From right: Le Quoc Doanh, former Vice Minister of Agriculture and Rural Development of Vietnam and Fred Unger, former regional representative for ILRI Asia co-chair the 3rd coordination of CGIAR in Vietnam in 2021 (photo credit: ILRI/Chi Nguyen).

Building institutions across borders

Beyond Viet Nam, he played a key role in strengthening ILRI’s presence across Southeast Asia. From early work in Thailand with the Ministry of Public Health and Chiang Mai University, to partnerships in Indonesia, Cambodia, and Lao PDR, he helped seed EcoHealth and One Health resource centers—some of which continue today as self-funded national institutions.

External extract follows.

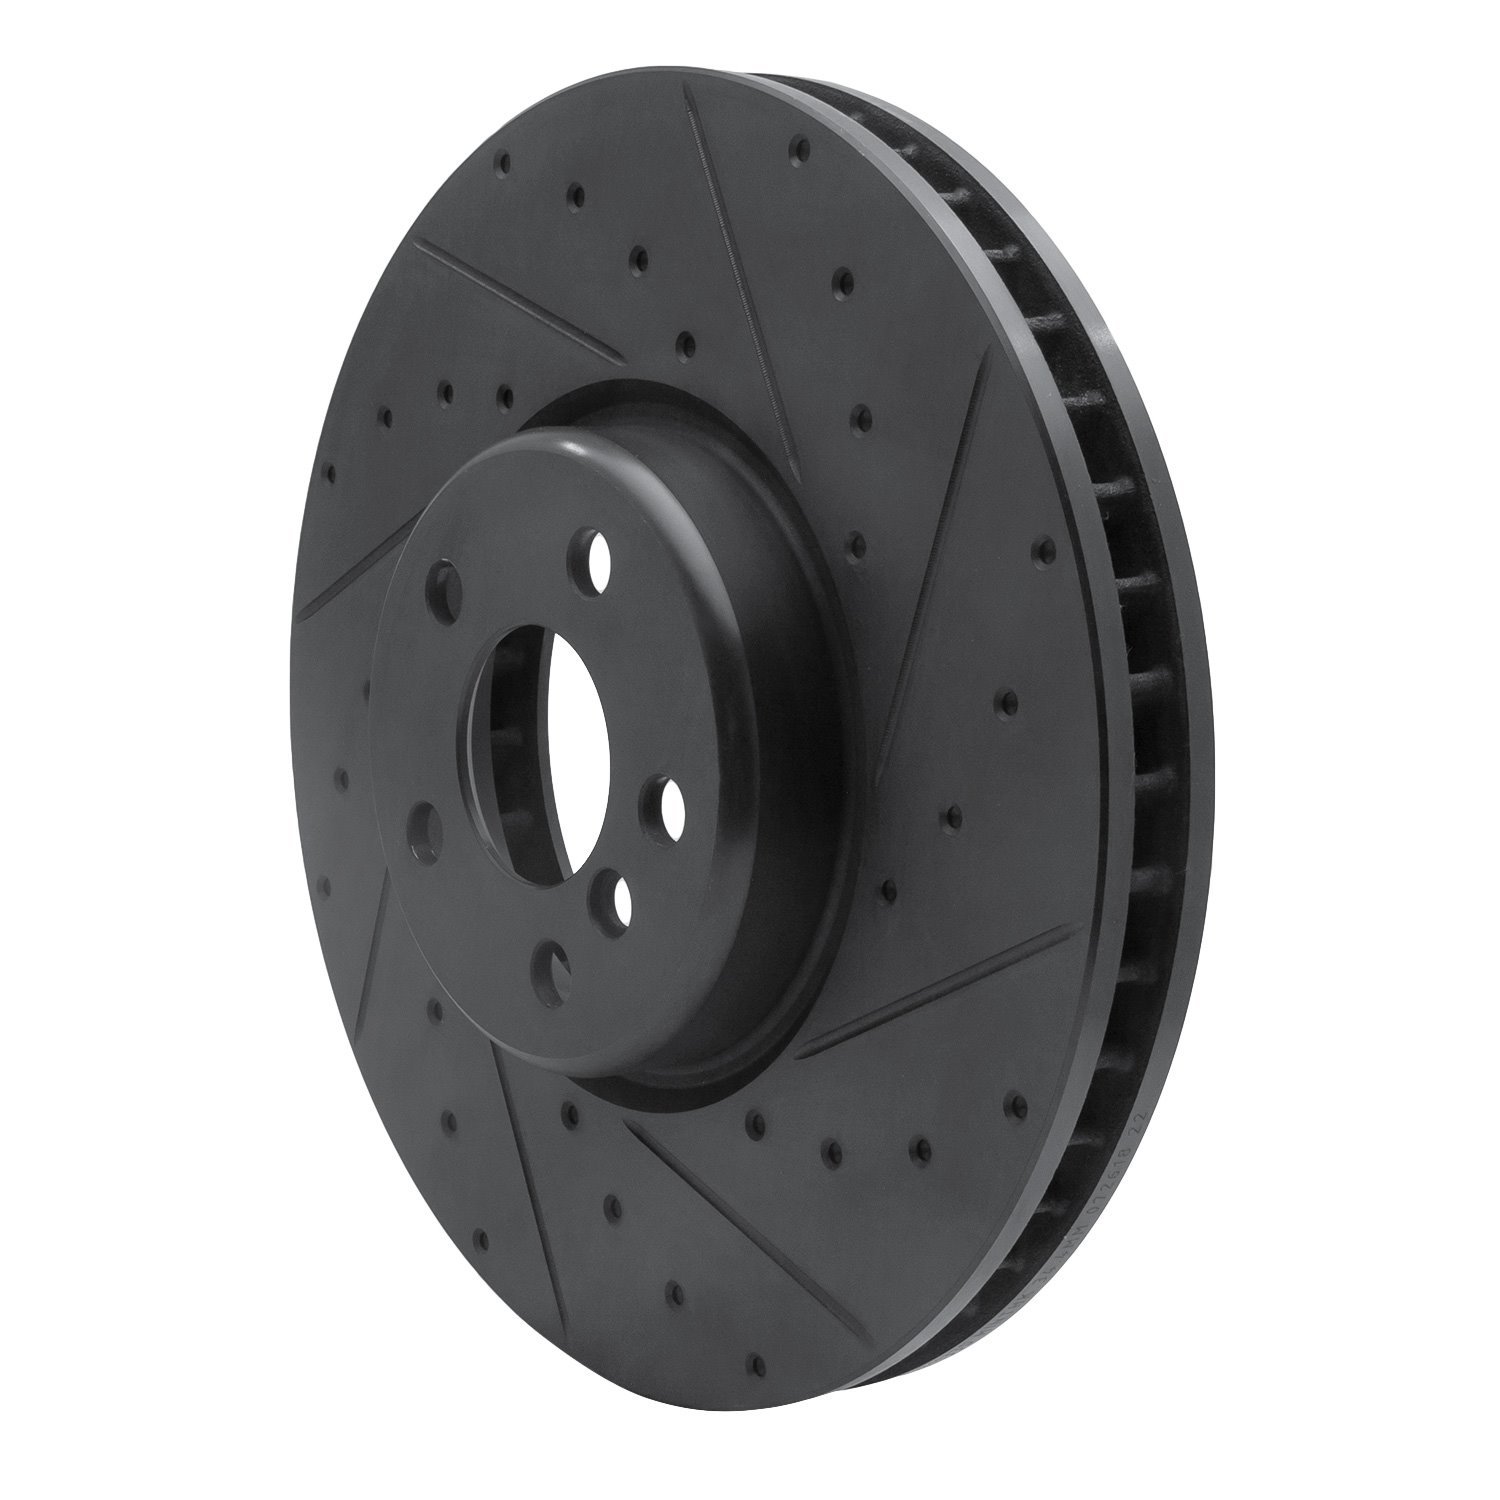 633-31133D Drilled/Slotted Brake Rotor [Black], Fits Select Multiple Makes/Models, Position: Right Front

“The most important lesson I learned,” he reflected, “is to be clear from the beginning—about expectations, roles, and what we want to build together.”

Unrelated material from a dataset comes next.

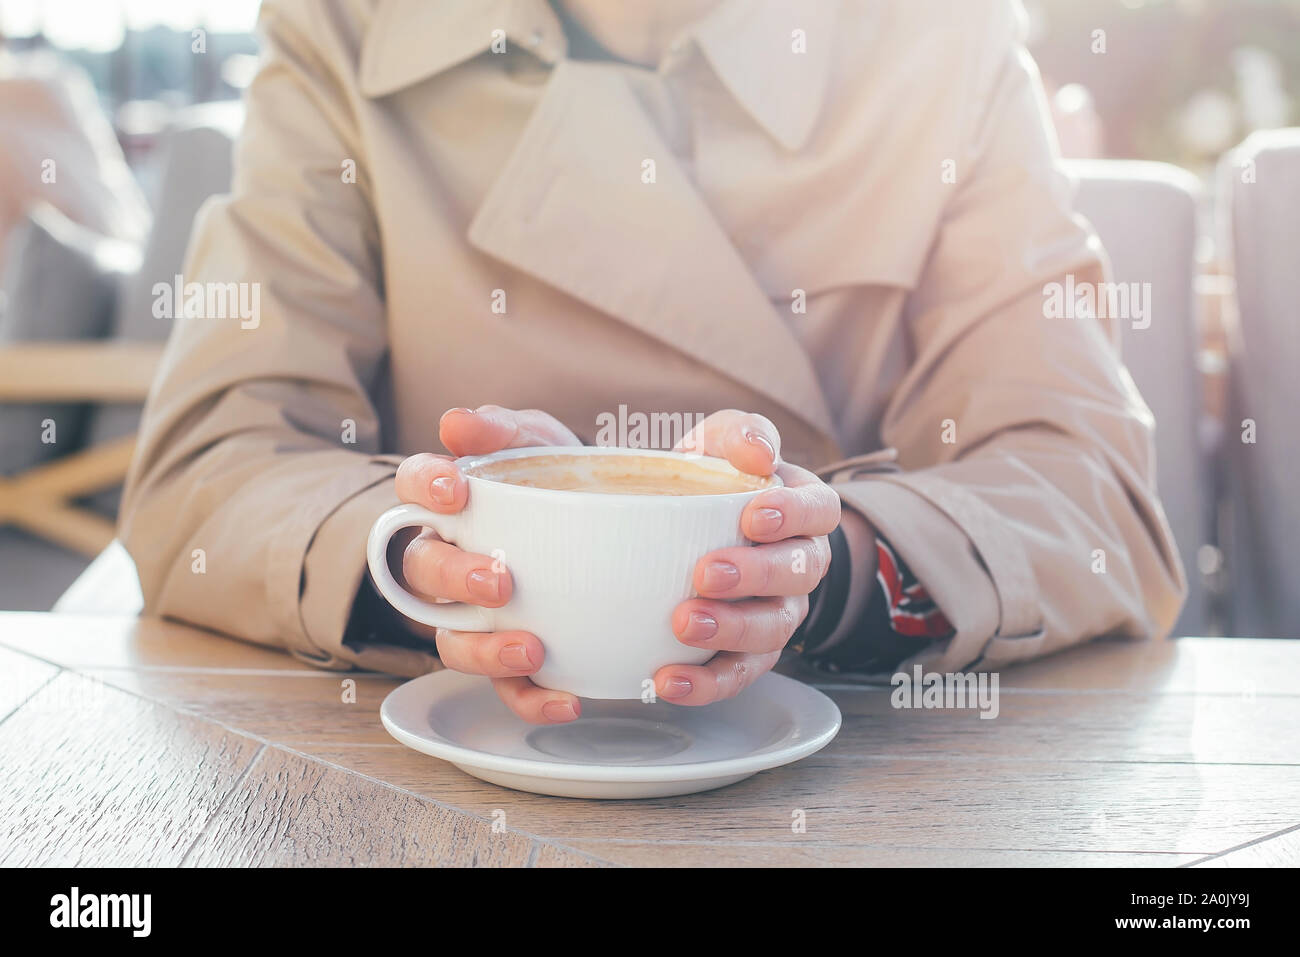 Big white coffee cup in woman's hands with pastel manicure while sitting in cafe. Stock Photo

Perhaps his most enduring legacy is human capital. Over the years, more than 60 young researchers, veterinarians, and government officers were trained through ILRI-led projects, many of whom now hold senior positions in ministries, universities, and research institutes.

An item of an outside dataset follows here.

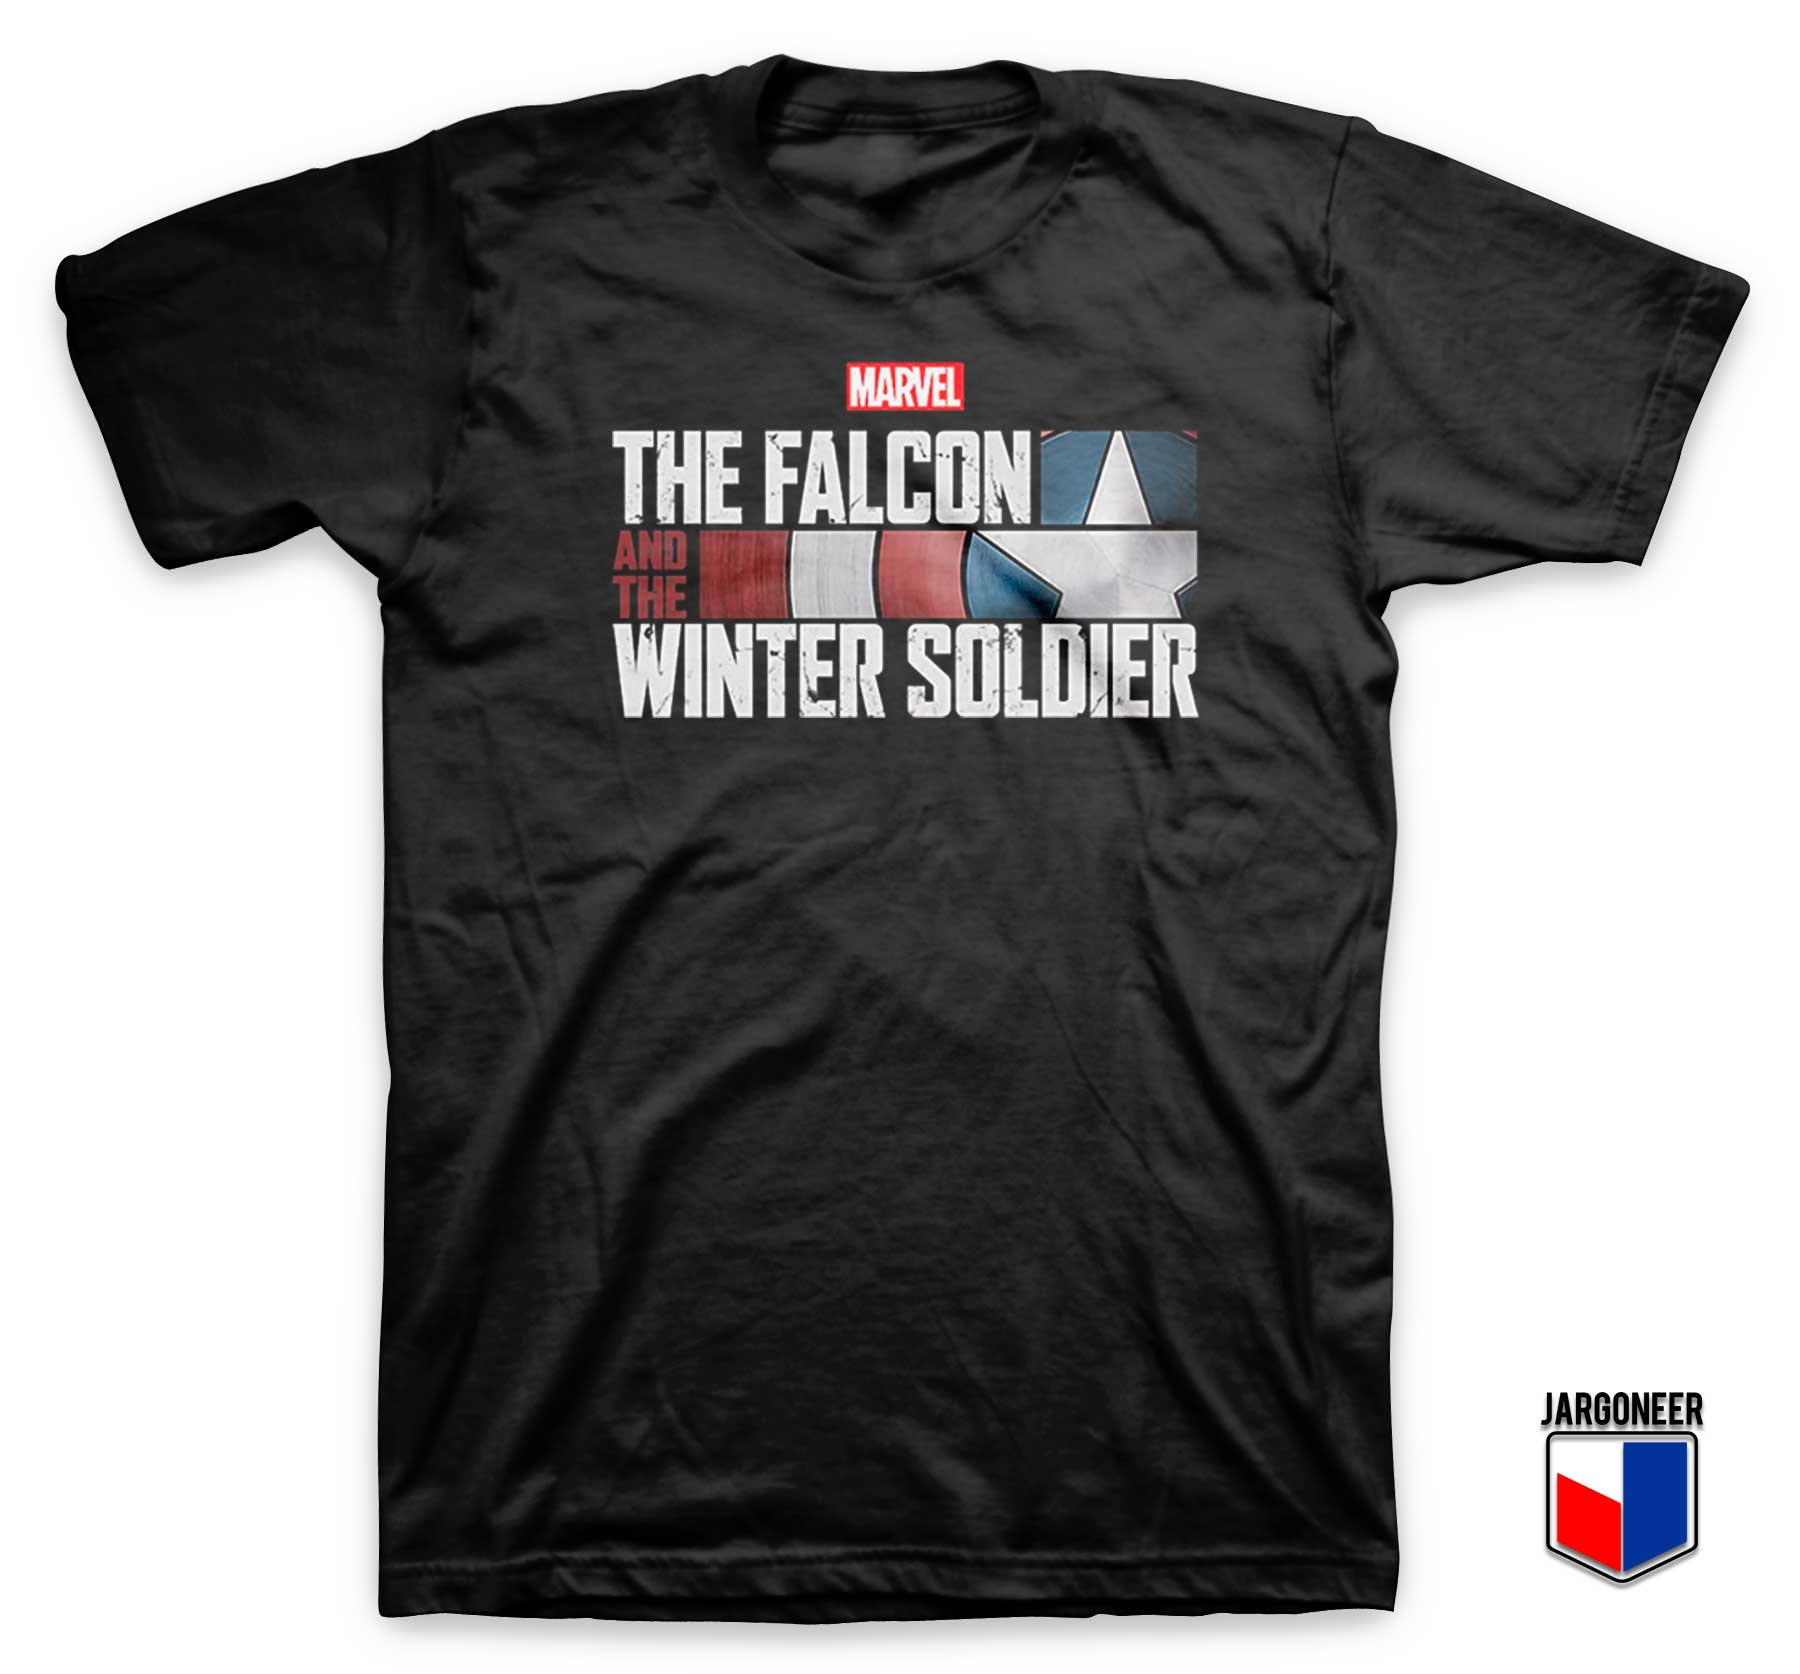 The Falcon And The Winter Soldier T Shirt - Shop Unique Graphic Cool Shirt Designs

A farewell, but not a goodbye

As Unger steps down from his regional leadership role, partners across Southeast Asia describe him not only as a scientist, but as a bridge-builder between disciplines, institutions, and research and real-world action.

The awards from Viet Nam in 2024 and Lao PDR in 2025 formally recognize a career built on partnership and service. For many colleagues and partners, however, his impact is seen more simply in safer food, stronger systems, and a new generation of professionals carrying One Health forward.